What this task involves:
List every line in this data where the string "inches" occurs.
Segment Start: Data extract
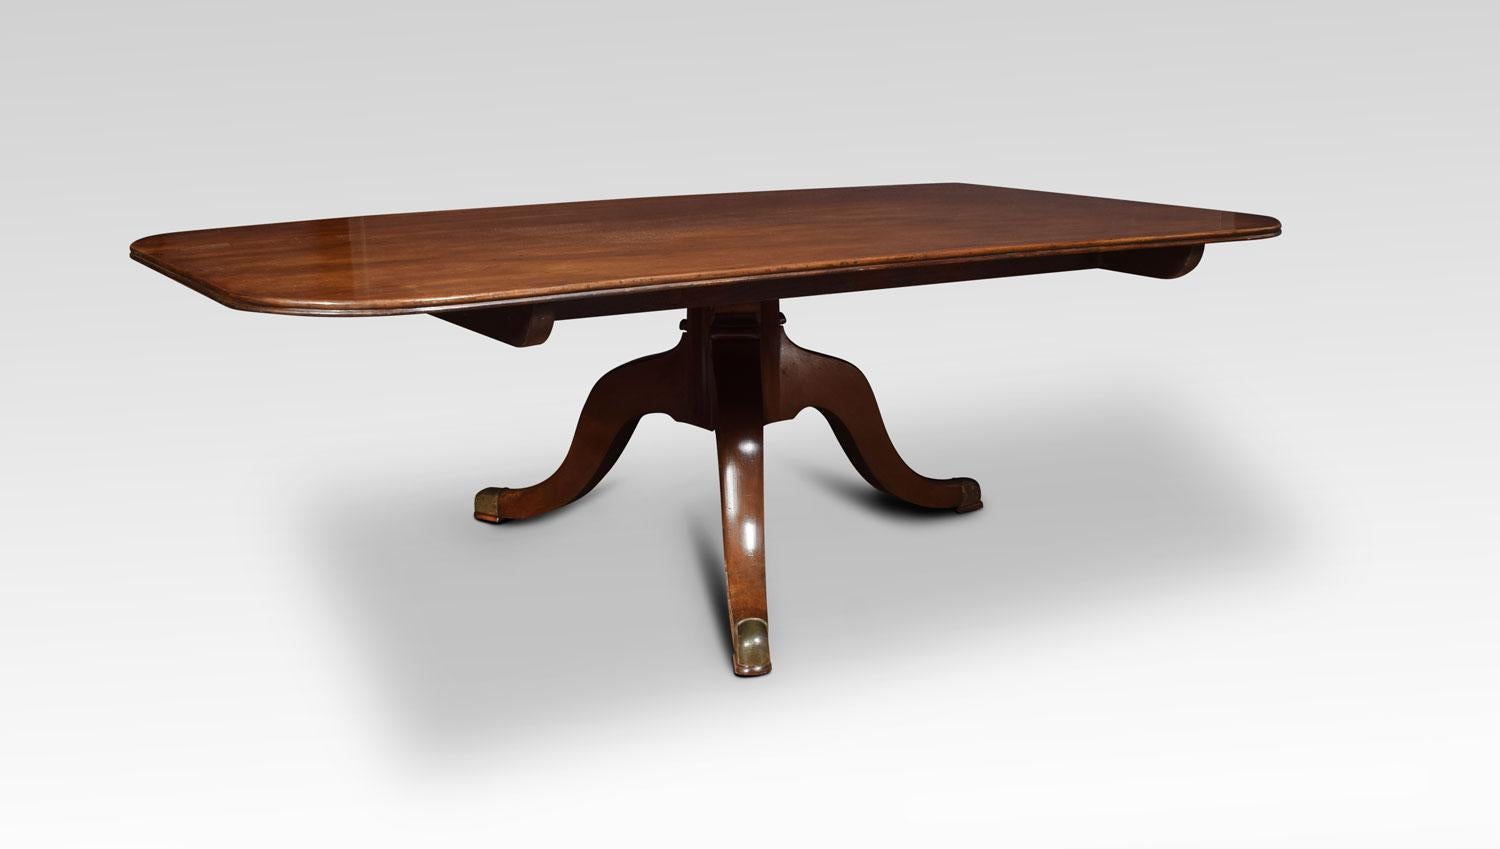 Regency mahogany coffee table, the rectangular top and moulded edge raised on tapering column terminating in pedestal base this table has been reduced to coffee table height
Dimensions:
Height 20.5 inches
Width 64.5 inches
Depth 37 inches.
Segment End: Data extract
Task result:
Height 20.5 inches
Width 64.5 inches
Depth 37 inches.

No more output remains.